Shelf Life: Reality Hunger by David Shields

Posted By on Thu, Mar 4, 2010 at 1:15 PM


GENRE: Literary manifesto

THE PITCH: “An open call for new literary and other art forms to match the complexities of the twenty-first century,” reads a splash of pink type on the dust jacket.

REALITY: Shields draws from a vast range of sources — the postured authenticity of hip-hop, the ready made sculptures of Duchamp, the staged documentaries of Herzog — to argue that the separation of art and life has long been abolished in contemporary art. Reality Hunger calls for more literary works to embrace this shift and acknowledge the “utterly useless distinction” between fiction and non-fiction.

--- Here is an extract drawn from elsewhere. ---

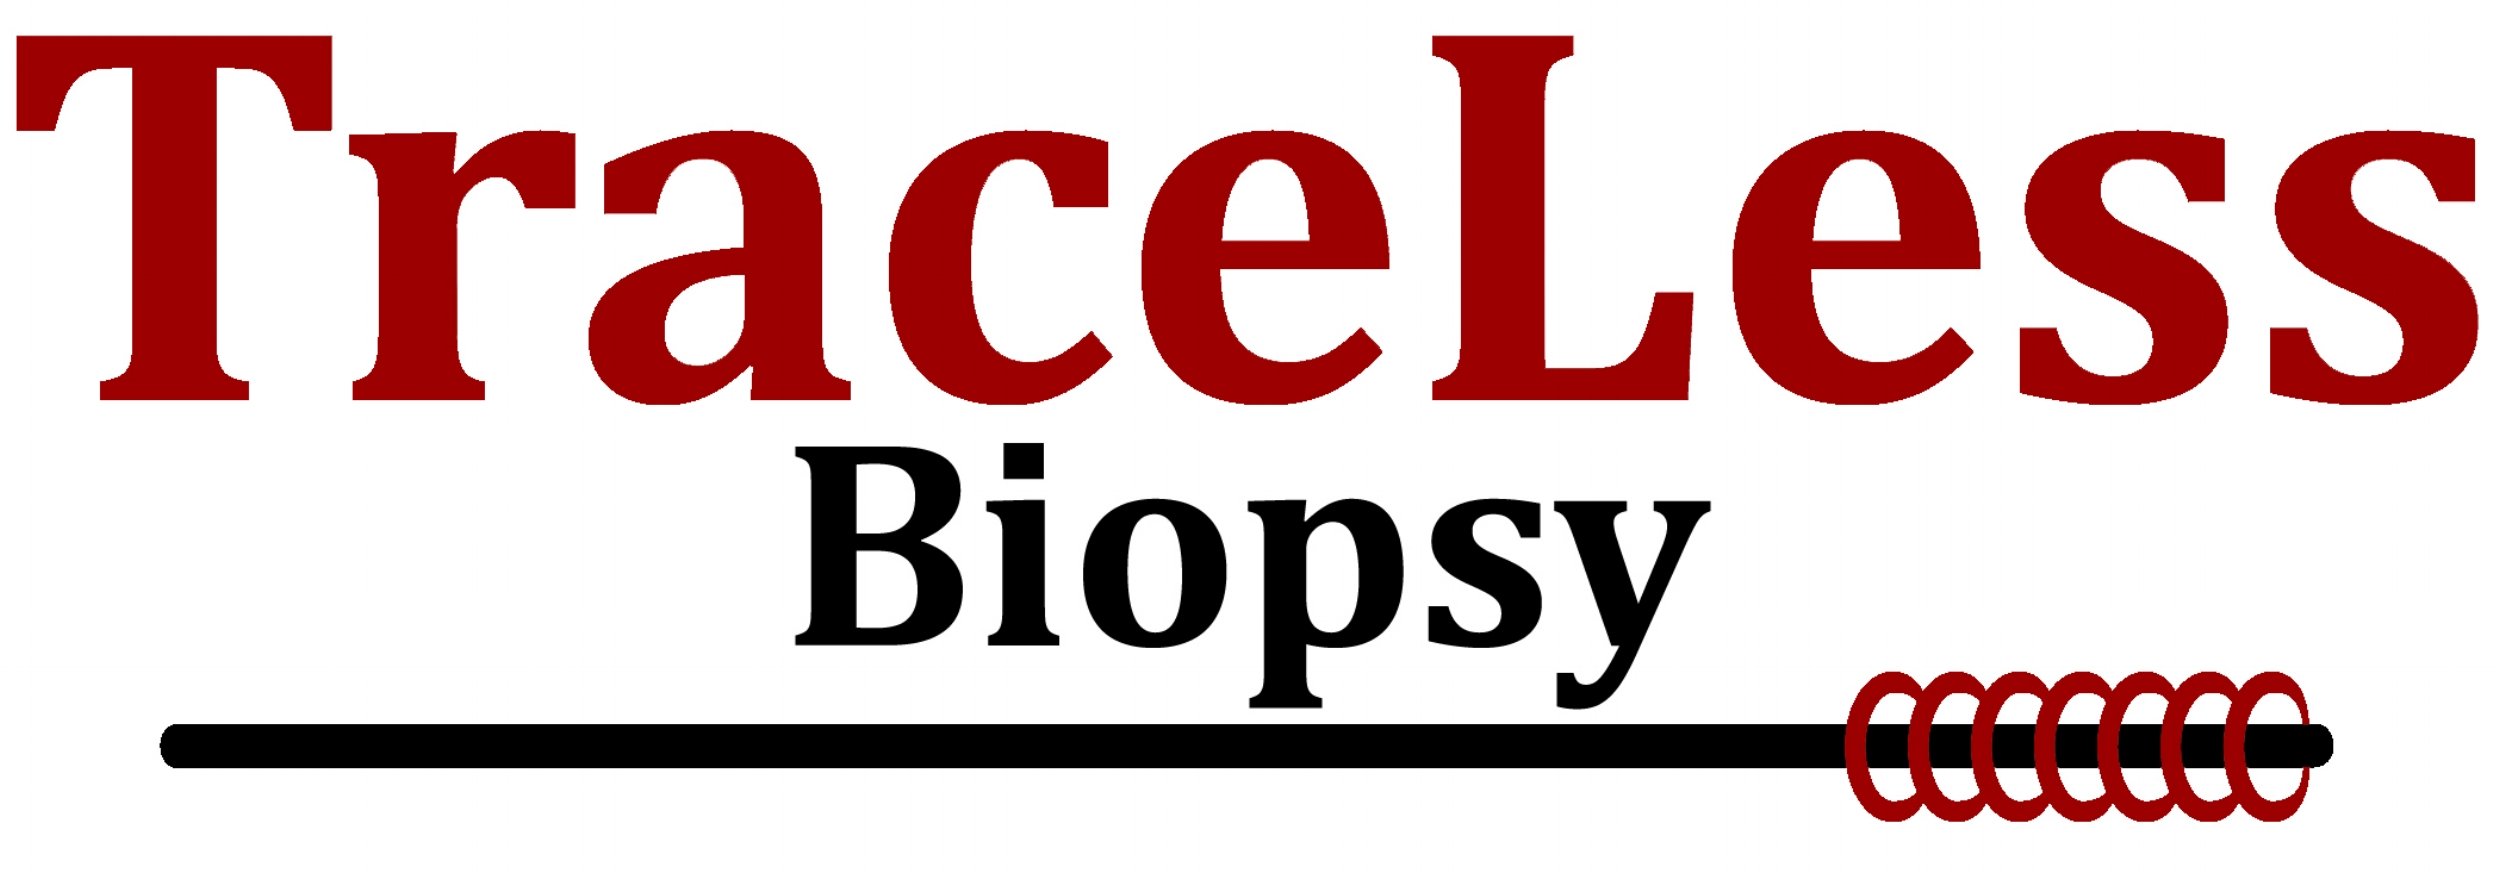 TraceLess Biopsy

FIRST SENTENCE: “Every artistic movement from the beginning of time is an attempt to figure out a way to smuggle more of what the artist thinks is reality into the work of art.”

FACTS: Reality Hunger is divided into 26 chapters, one for each letter of the alphabet. Those chapters are composed of short, numbered bursts of text, 618 in total.

TRUTH: David Shields is the author of Reality Hunger but he did not write the majority of those numbered sections.

APPENDIX: In the appendix, you find that (almost) every section corresponds to a source — William Gass, Zadie Smith, Robert Rauschenberg, John Mellencamp, Lee Perry, David Foster Wallace, Kurt Cobain and Frederick Nietzsche among them. “Nearly every passage I’ve clipped I’ve also revised, at least a little — for the sake of compression, consistency, or whim,” he writes in an admission halfway through the book. Acknowledging that he agreed to include the appendix to please Random House’s lawyers, he asks that the reader please cut these pages right back out of the book.

IMPORTANT REFERENCES: David Foster Wallace’s A Supposedly Fun Thing I’ll Never Do Again. The prologue to Slaughterhouse Five. Everything by Lydia Davis. Tristam Shandy. Barry Hannah’s Boomerang. “The sound of one hand clapping.”

INFLUENCE: While reading this book, there is an urge to acknowledge that Jonathan Lethem’s collage essay on copyright law in Harper’s, “The Ecstasy of Influence,” already achieved a number of Reality Hunger’s arguments. It’s a foolish urge, though. Shield’s point is that people have said this before him, that his own argument echoes with the history of art before him.

FRACTURED CONTINUITY: Like a master collagist, Shields has created a fluid coherence in the fractured, disparate sources of his book. Without the appendix, one could read the first-person narration as journeying through a surreal, contemporary landscape — accepting an Oscar for Best Documentary, meeting King Tubby at a dance hall in Kingston, watching reality TV with the neighbors. For a book that argues so vehemently (and effectively) against John Gardner’s “vivid and continuous dream,” against the consoling dream-world, against the “exit door” of fiction, Reality Hunger still creates a literary experience that surprises with vivid and dream-like qualities.

TURNING IT UPSIDE-DOWN: It is hard to overstate what this book is saying. It wants a recognized division between facts and truth. Reality Hunger is almost wholly against plot. It argues not for a shift in direction, but for literary works to specifically invert fiction’s established goals: “Fiction: no ideas but in things. (Serious) essay (what I want): not the thing itself but ideas about the thing.” Reality Hunger should both terrify and thrill anyone who wants to write a story after it.